We have a large number of investigators working with us. There are people who are very good at working with large communities, large numbers of people. But there are serious, brilliant scientists who are not comfortable working with large groups of people. So there are management challenges in locating and identifying people, and letting them lead the team to address their challenge and work together.
HASSAN: I’ve heard this from several people before, and it's also a commonly cited challenge in large-scale open-source software projects. What specific help or resource might help to overcome that managerial challenge?
ZAKIR: Well, I hope training would bridge it to a large extent. But you need to have people who like to do that kind of work – the right psychological bent of mind to work in larger groups and larger communities. It's a management challenge.

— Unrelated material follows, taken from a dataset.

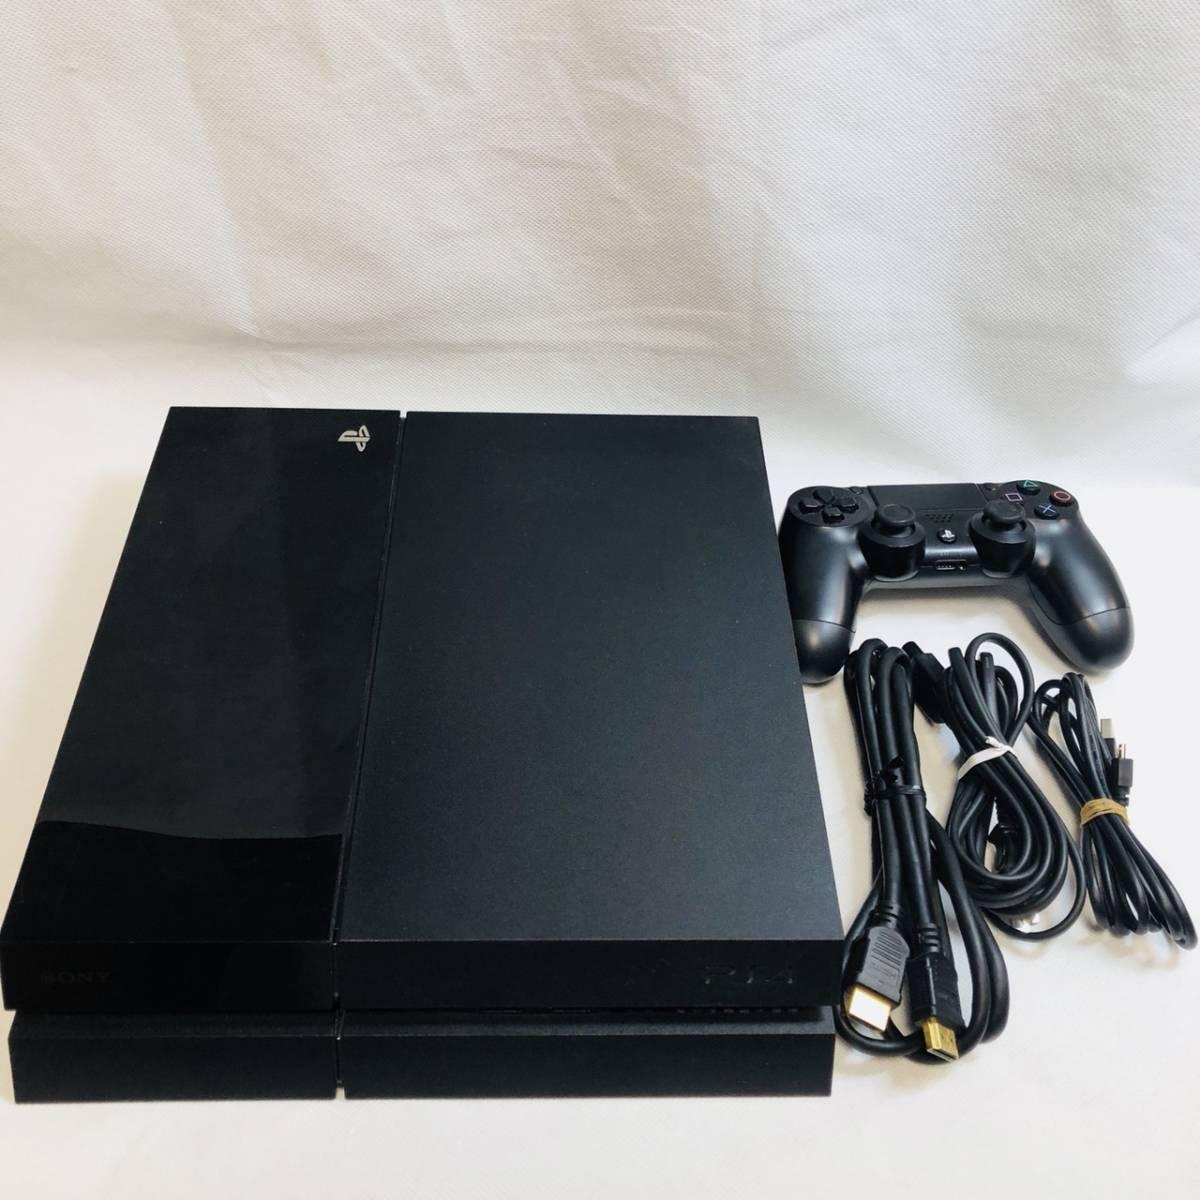 ★ 動作品 ★ PlayStation4 CUH-1000A 本体 すぐ遊べるセット! ジェットブラック 黒 プレイステーション4 プレステ4 封印シールあり ps4
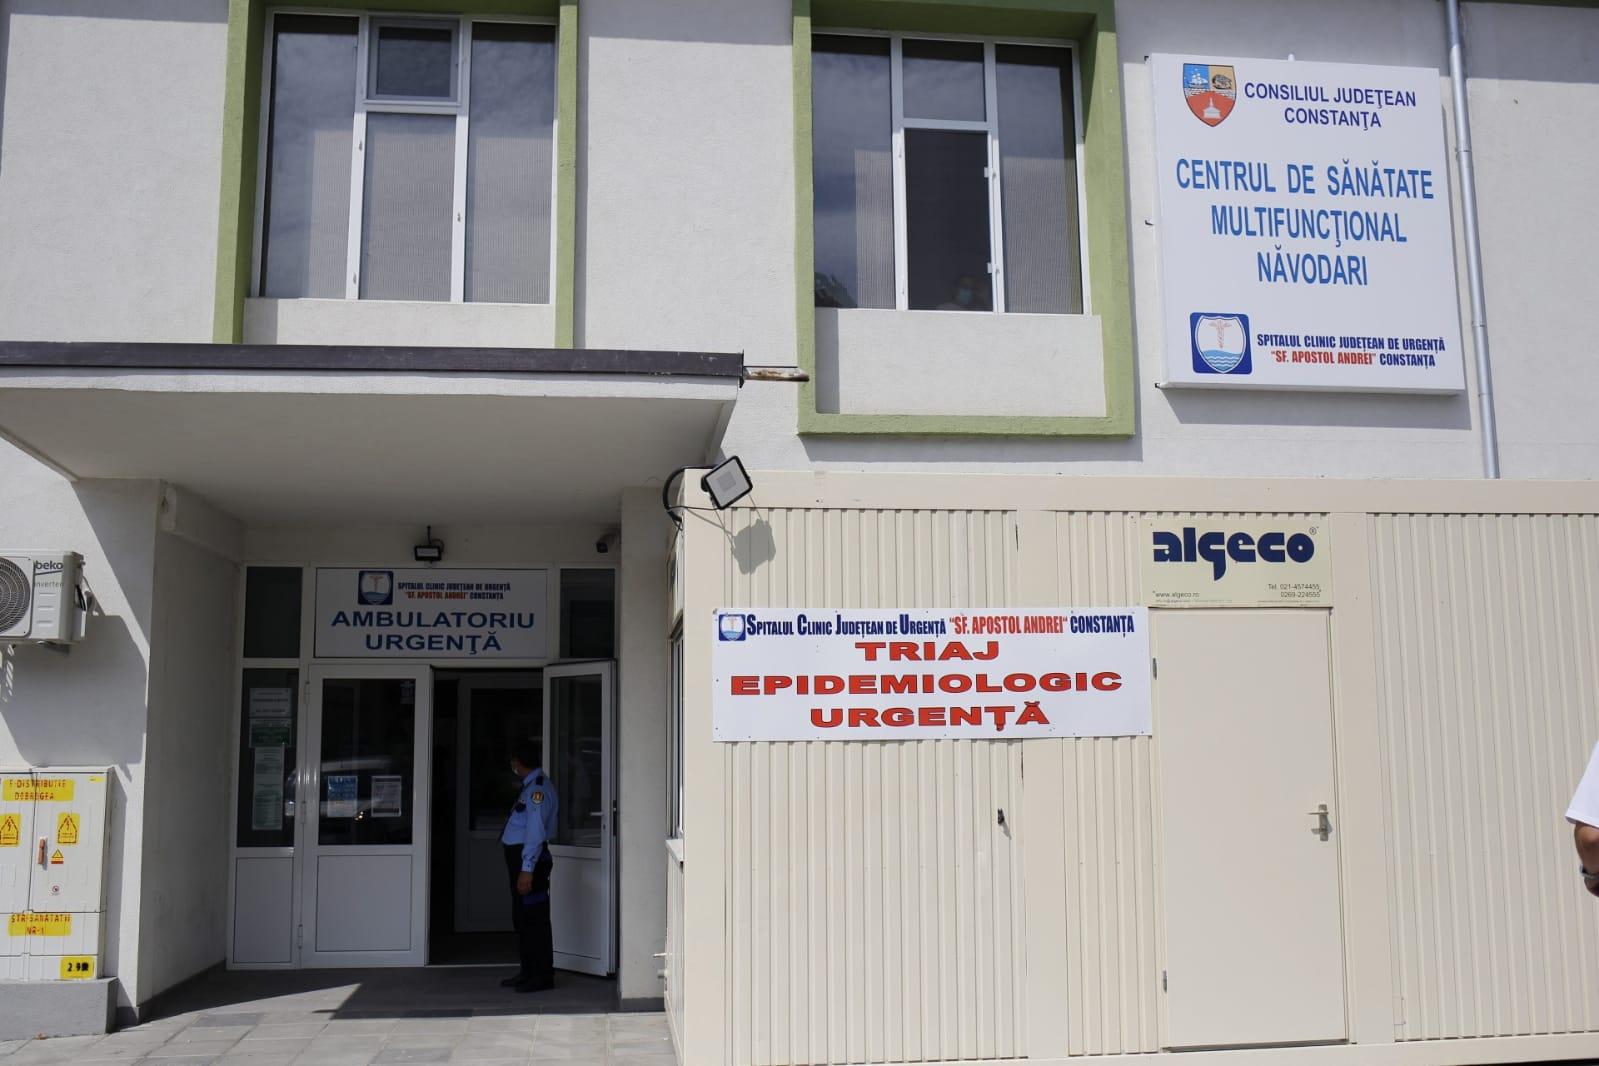 centrul multifuncțional de sănătate năvodari

HASSAN: I think articulating that challenge is helpful. Last question to close the interview: on a personal level, Zakir, you've obviously invested a number of the best years of your life into this project. Tell us what motivates you.
ZAKIR: What motivates me is to get drugs for tuberculosis patients on the open source platform. I love to work in large teams, and I'm a team player. I believe that the Internet provides us unparalleled opportunities, which did not exist before.
I hail from a very rural background in India, and grew up in a world which was not networked the way it is networked now. We didn’t have opportunities to meet the outside world. So in every aspect of OSDD, we try to bring together mechanisms which enable people to break out of their constraints and the limitations of their physical existence—to collaborate with people beyond their limitations, and do something which they couldn’t otherwise do.
That is what excites me—that it enables us to drive a project which gives opportunities to a large number of people.
HASSAN: Inspirational. Zakir, thank you so much for speaking with us today!